DSG2 immunofluorescence

Organs were placed in optimal cutting temperature compound (OCT, Sakura Finetek, Torrance, CA, USA) and flash frozen in liquid nitrogen. Sections were sliced at 6 mm thickness and fixed in 5% paraformaldehyde at room temperature for 15 min. Slides were then blocked and permeabilized in 5% non-fat milk in 0.05% Tween-20 PBS overnight at 4 °C. After washing, the slides were incubated with the primary antibody diluted in 2% non-fat milk/PBS for 1 h, followed by the secondary antibody diluted in 2% non-fat milk/PBS for 1 h. Slides were then mounted using VECTASHIELD Antifade Mounting Medium with DAPI (Vector Labs, Burlingame, CA, USA) before visualization using fluorescent filters under a EVOS M5000 microscope (Invitrogen). Images were overlaid using ImageJ software (NIH, Bethesda, MD, USA). The following antibodies were used on 4% para-formaldehyde-fixed OCT sections of monkey organ/tissue: anti-HAdV3 fiber knob mAb- clone 2-1; goat-α-human DSG2 (AF947, R&D Systems), mouse-α-CD163 (Biolegend #333602) with the secondaries as follows: Alexa-Fluor 594 conjugated chicken anti-rabbit IgG (Invitrogen A-21442), Alexa Fluor 488-conjugated donkey anti-goat IgG (Abcam #6881), and Alexa Fluor 488-conjugated goat anti-mouse IgG (Biolegend #405319).
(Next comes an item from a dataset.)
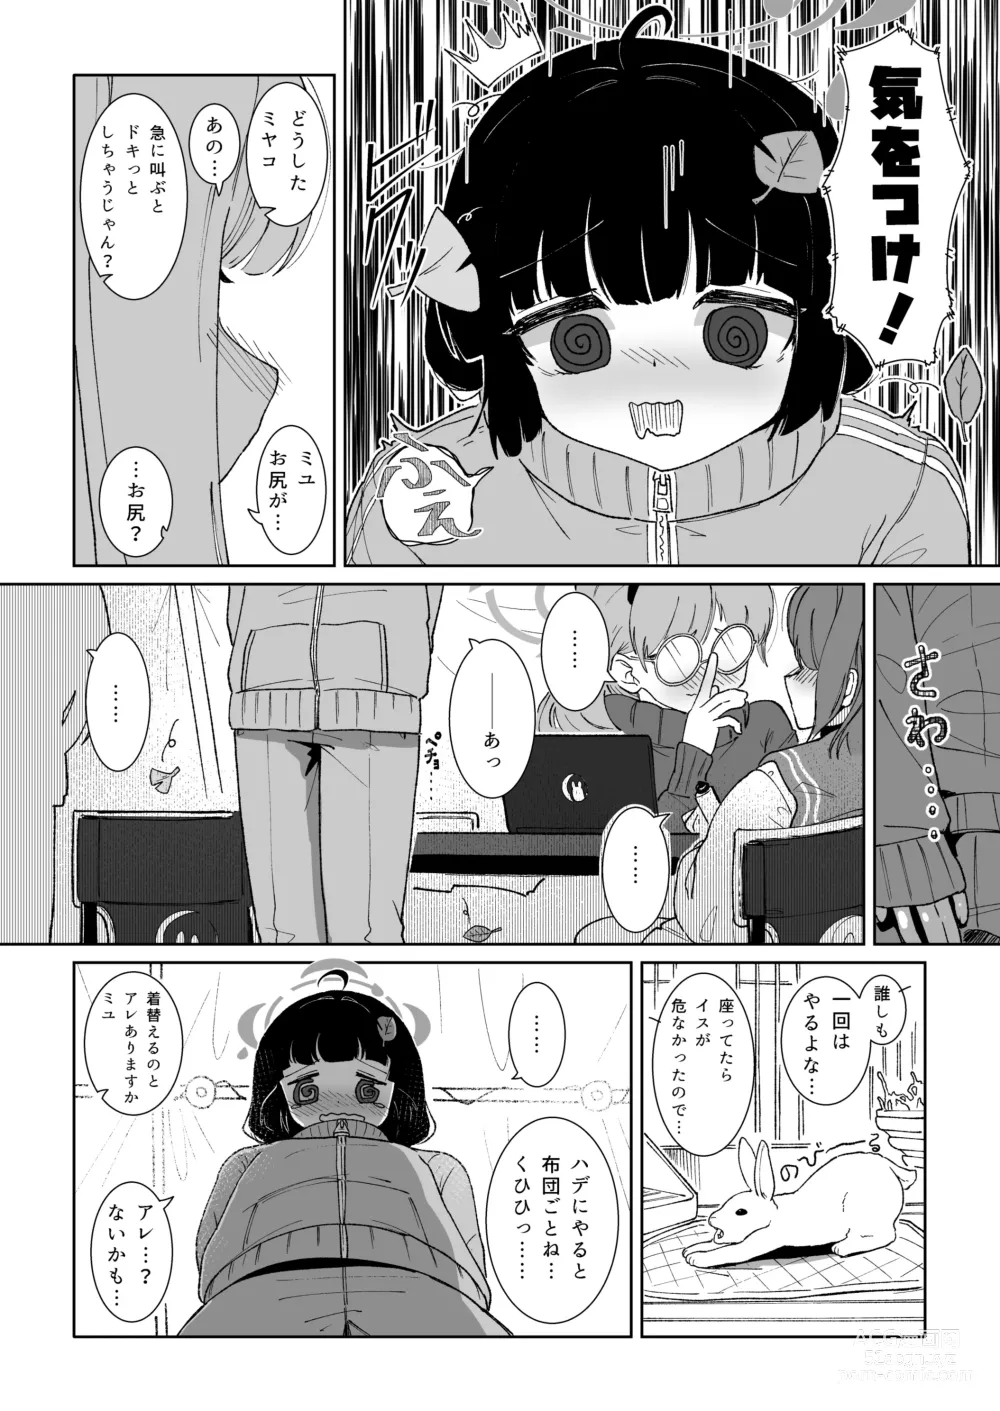 Page 4 of doujinshi Miyu no Otsukisama Jijou - Rabbit 4 Menstruation and Sex Affair

Cytokine cytometric bead array

Animal sera were taken and assessed for cytokines (Th1/Th2) using the Non-human Primate Th1/2 cytokine kit/Cytometric Bead Array (CBA) (BD Biosciences, San Jose, CA, USA). Flow data were obtained using a BD LSR II flow cytometer. Results were quantified using the BD CBA FCAP Array Software.

Hematological analyses

Blood samples were collected into EDTA-coated tubes, and analysis was performed on a HemaVet 950FS (Drew Scientific, Waterbury, CT).

Statistical analyses

For comparisons of multiple groups, 1- and 2-way analyses of variance (ANOVA) with Bonferroni post-hoc test for multiple comparisons were used. Statistical analysis was performed with Prism, version 6.01 (GraphPad Software Inc, La Jolla, CA). For GLP toxicology studies, continuous data were analyzed for homogeneity of variance using Levene's test. If the variances were homogeneous (p > 0.001), the data were further analyzed by one-way ANOVA. If a significant F value was observed (p ≤ 0.05), each treatment group was compared to the vehicle control group using Dunnett’s two-tailed t-test (significant at p ≤ 0.05). If Levene’s test was significant (p ≤ 0.001), an appropriate transformation was applied to the data (e.g., log-transformation or rank-transformation), and the analyses was performed on the transformed data.

Ethical approval

The study is reported in accordance with ARRIVE guidelines. All experiments involving animals were conducted in accordance with the institutional guidelines set forth by the University of Washington. The University of Washington is an Association for the Assessment and Accreditation of Laboratory Animal Care International (AALAC)–accredited research institution and all live animal work conducted at this university is in accordance with the Office of Laboratory Animal Welfare (OLAW) Public Health Assurance (PHS) policy, USDA Animal Welfare Act and Regulations, the Guide for the Care and Use of Laboratory Animals and the University of Washington's Institutional Animal Care and Use Committee (IACUC) policies. The studies were approved by the University of Washington IACUC (Protocol No. 3108-01 for mice and 3108-05 for NHPs).